Sorting out 'PCIe bifurcation' and how it interacts with NVMe drives

December 4, 2024

Suppose, not hypothetically, that you're switching from one mirrored set of M.2 NVMe drives to another mirrored set of M.2 NVMe drives, and so would like to have three or four NVMe drives in your desktop at the same time. Sadly, you already have one of your two NVMe drives on a PCIe card, so you'd like to get a single PCIe card that handles two or more NVMe drives. If you look around today, you'll find two sorts of cards for this; ones that are very expensive, and ones that are relatively inexpensive but require that your system supports a feature that is generally called PCIe bifurcation.

NVMe drives are PCIe devices, so a PCIe card that supports a single NVMe drive is a simple, more or less passive thing that wires four PCIe lanes and some other stuff through to the M.2 slot.
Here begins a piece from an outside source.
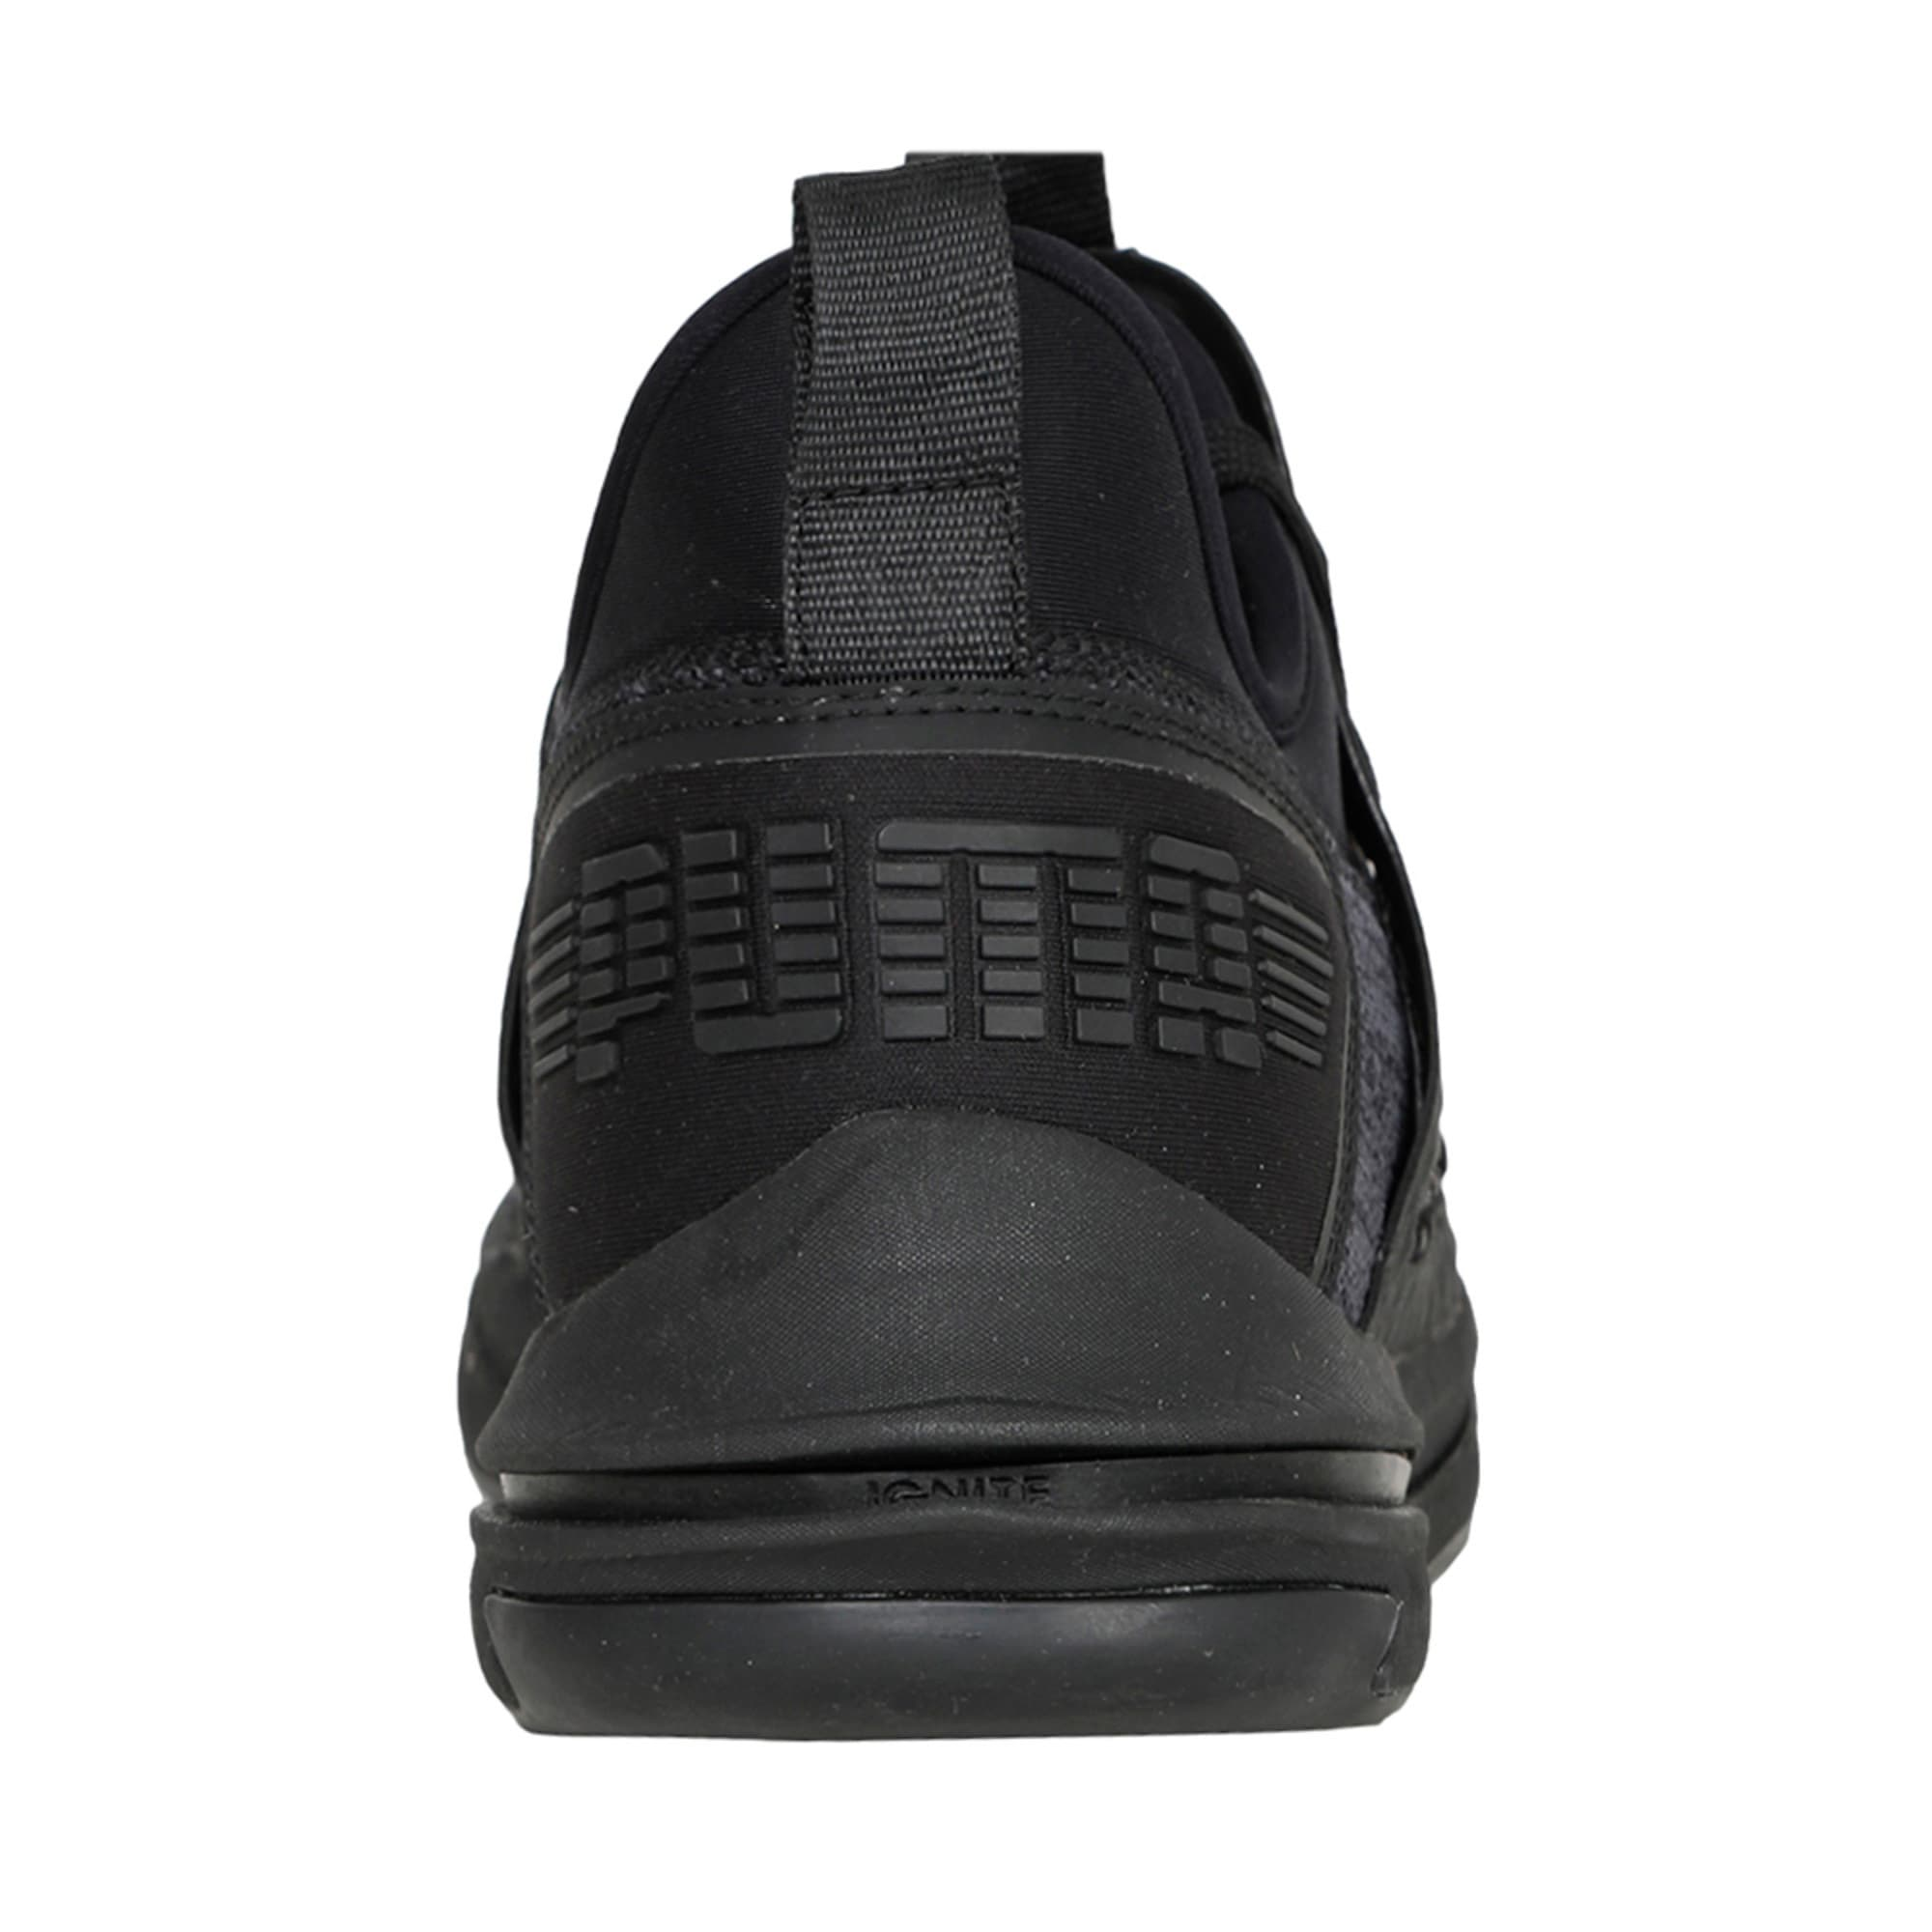 Thumbnail 4 of IGNITE Limitless SR NETFIT Men's Trainer Shoes, Puma Black, medium-IND

I believe that in theory, a card could be built that only required x2 or even x1 PCIe lanes, but in practice I think all such single drive cards are physically PCIe x4 and so require a physical x4 or better PCIe slot, even if you'd be willing to (temporarily) run the drive much slower.

A PCIe card that supports more than one M.2 NVMe drive has two options. The expensive option is to put a PCIe bridge on the card, with the bridge (probably) providing a full set of PCIe lanes to the M.2 NVMe drives locally on one side and doing x4, x8, or x16 PCIe with the motherboard on the other. In theory, such a card will work even at x4 or x2 PCIe lanes, because PCIe cards are supposed to do that if the system says 'actually you only get this many lanes' (although obviously you can't drive four x4 NVMe drives at full speed through a single x4 or x2 PCIe connection).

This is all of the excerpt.